Debian stock kernel 2.4.27 and up are ipsec compatible although if you think otherwise check for the kernel-patch-openswan package.

Installation

L2TPns

Installation

L2TPns is a layer 2 tunneling protocol network server (LNS). It supports up to 65535 concurrent sessions per server/cluster plus ISP features such as rate limiting, walled garden, usage accounting, and more.

In a personal note - L2TPns is highly configurable for many cases, and extremely reliable for production/commercial use.

Step 1:

Make sure you have libcli-1.8 development package installed:

$ apt-cache search libcli
libcli-dev - emulates a cisco style telnet command-line interface (dev files)
libcli1 - emulates a cisco style telnet command-line interface
$ apt-get install libcli-dev

Step 2:

Download the source from SourceForge.

Step 3:

Build and install: make && make install

Note

Alternately, you can skip these steps and simply apt-get install l2tpns.

Note

On RPM-based distributions, you should be able to make packages from the libcli and l2tpns source tarballs with rpmbuild -ta.

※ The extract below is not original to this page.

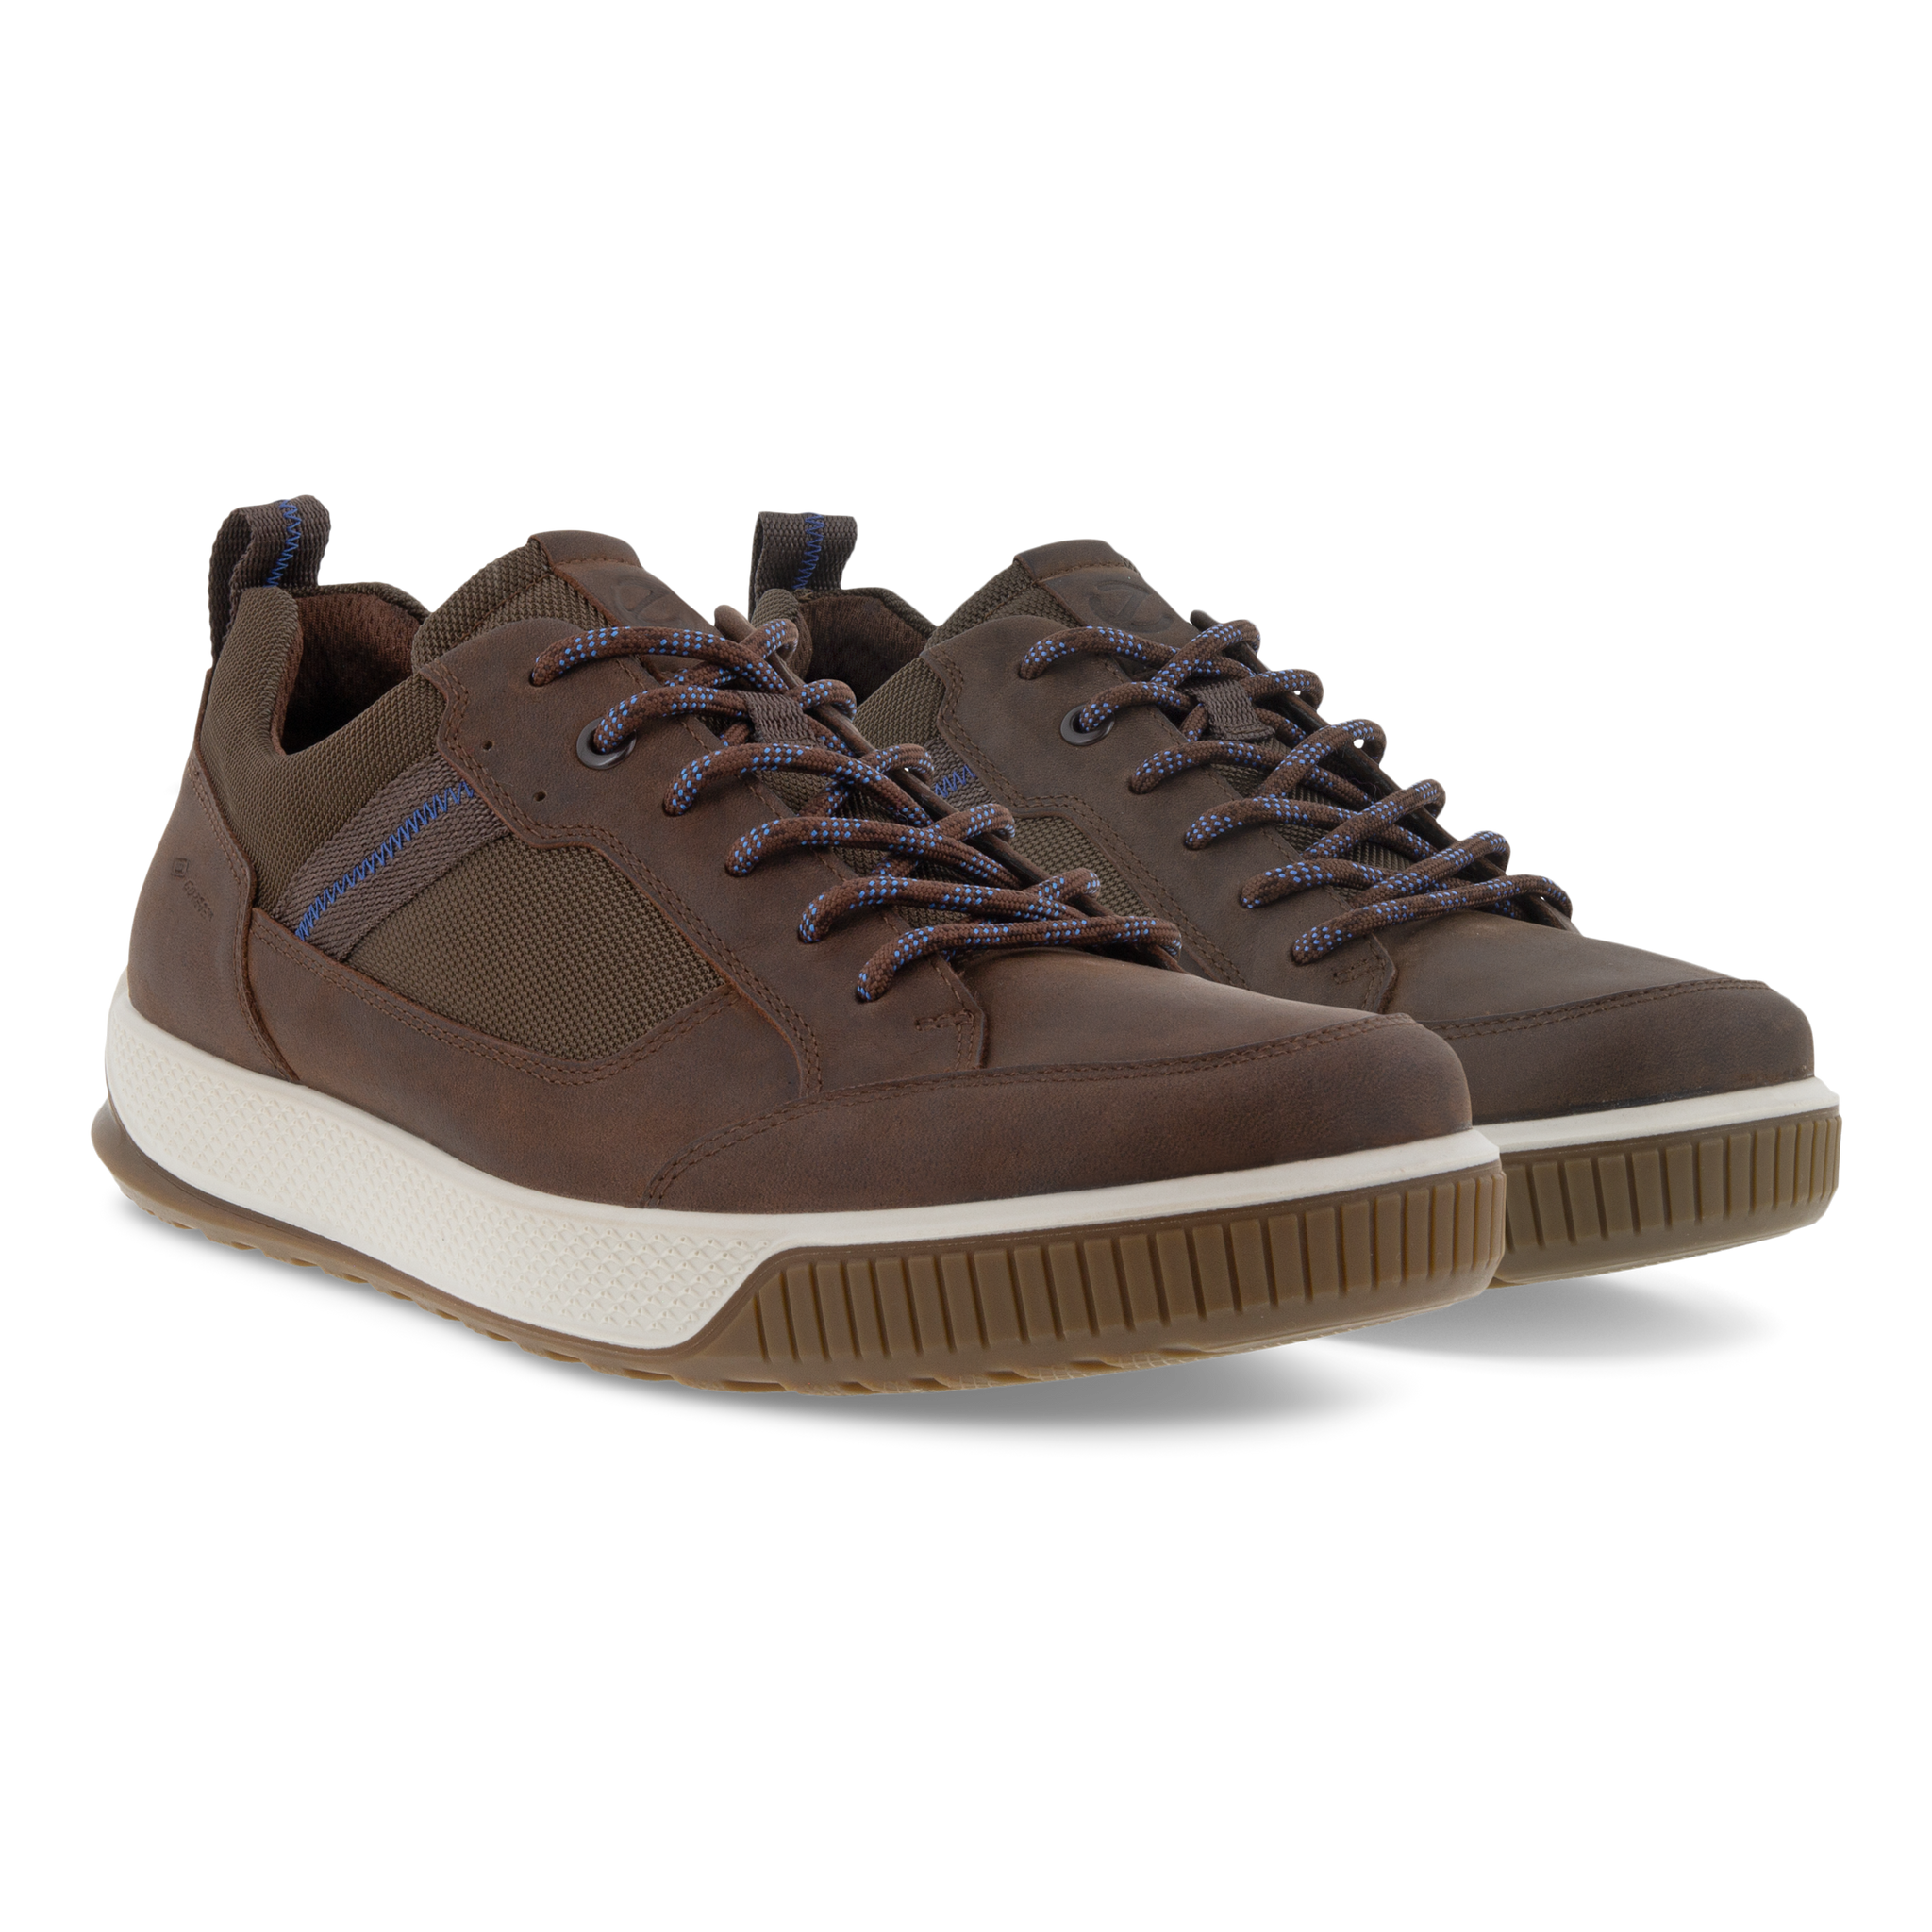 ECCO Byway Tred (501874)- Mens Gore-Tex Lace Shoes in Brown | ECCO Shoes |Wisemans | Bantry | Shoe Shop | West Cork | Ireland
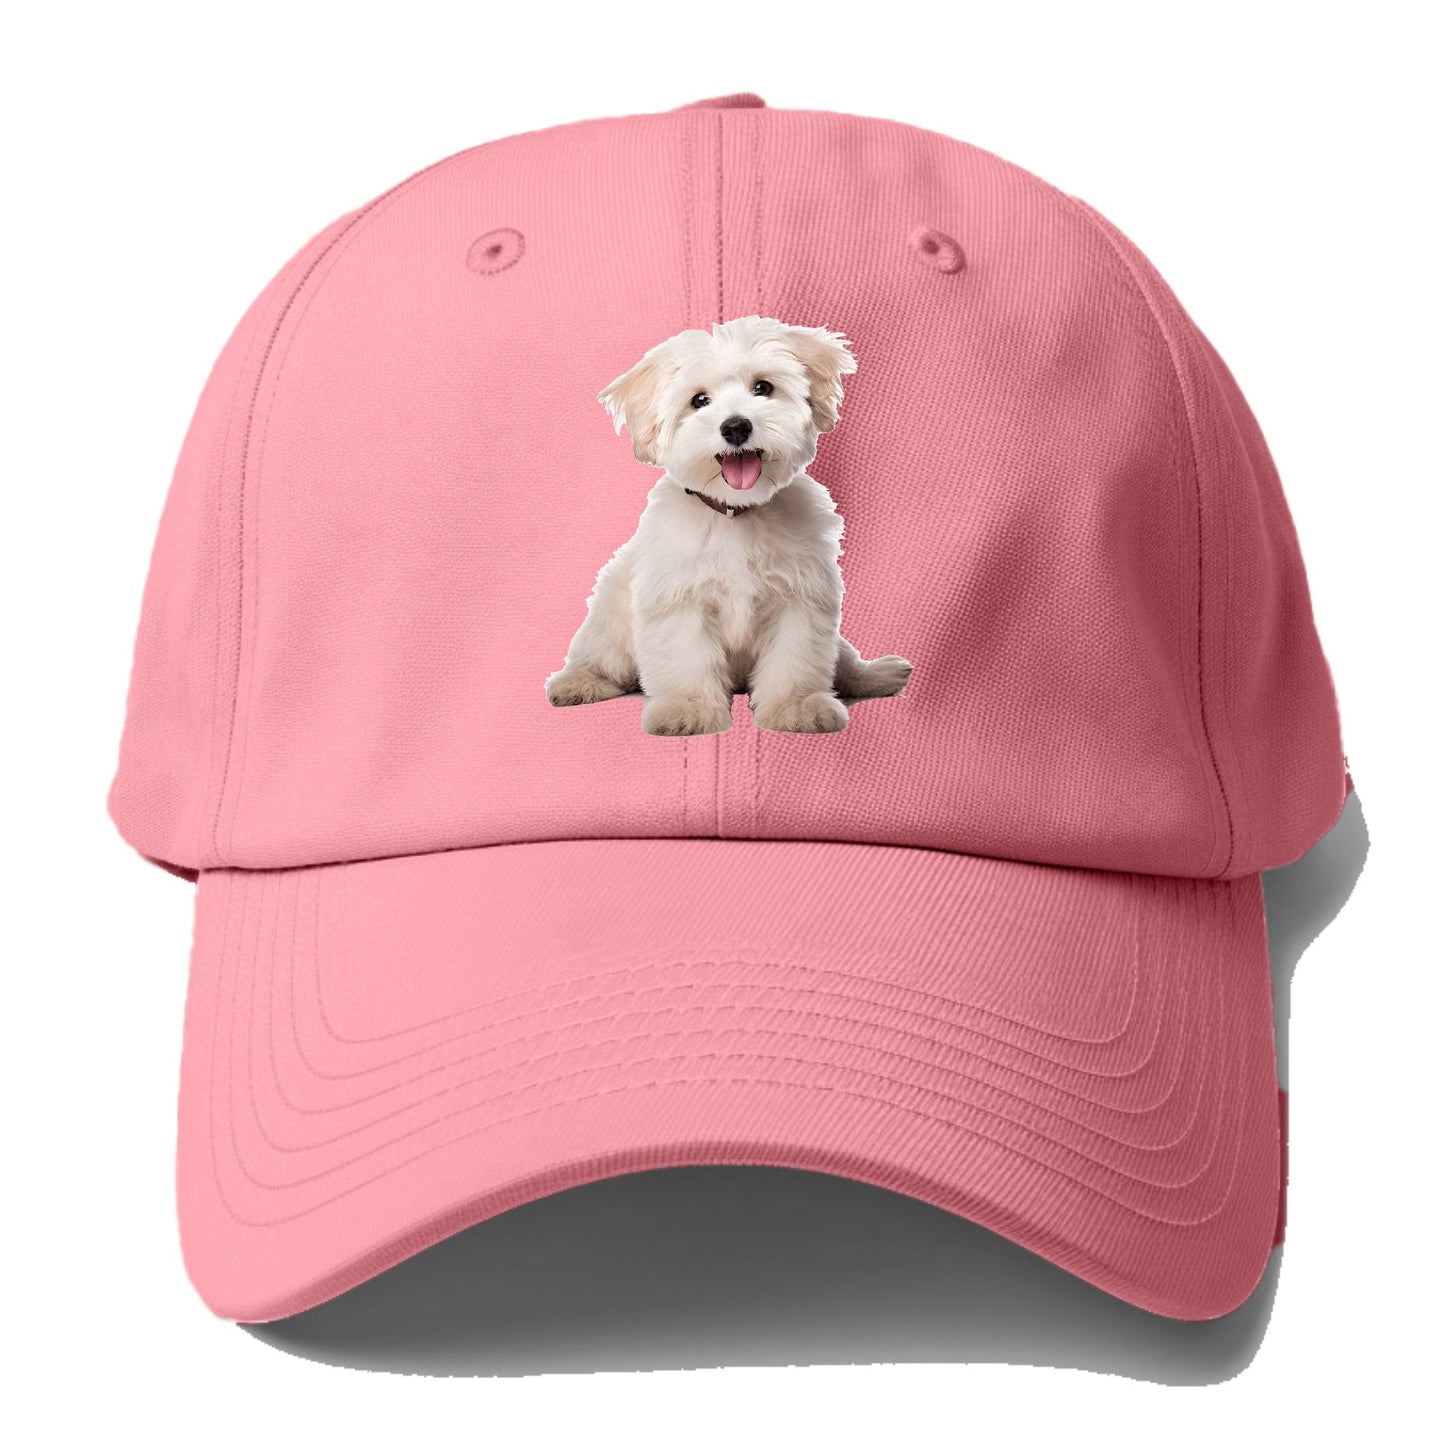 Adorable white puppy Hat

Once compilation is done you will have l2tpns in /usr/sbin/l2tpns, and all configuration files can be found in /etc/l2tpns/.

Configuration

The only configuration that L2TPns takes is centralized in the configuration file /etc/l2tpns/startup-config.

set debug 2                               # Debugging level
set log_file "/var/log/l2tpns"            # Log file: comment out to use stderr, use
                                          # "syslog:facility" for syslog
set pid_file "/var/run/l2tpns.pid"        # Write pid to this file
set l2tp_secret _"secret"_                  # shared secret
set primary_dns _212.117.128.6_             # Only 2 DNS server entries are allowed
set secondary_dns _212.117.129.3_
set primary_radius _192.168.0.1_            # Can have multiple radius server entries,
                                          # but ony one radius secret
set primary_radius_port 1812
set radius_secret _"radius_secret"_
set radius_accounting yes
set radius_dae_port 3799
set accounting_dir "/var/run/l2tpns/acct" # Write usage accounting files into specified
					  # directory
set peer_address _192.168.0.1_              # Gateway address given to clients
load plugin "sessionctl"                  # Drop/kill sessions
load plugin "autothrottle"                # Throttle/snoop based on RADIUS
load plugin "throttlectl"                 # Control throttle/snoop with nsctl
load plugin "snoopctl"

This is the trimmed down version of probably most of the common configuration and even some extra options.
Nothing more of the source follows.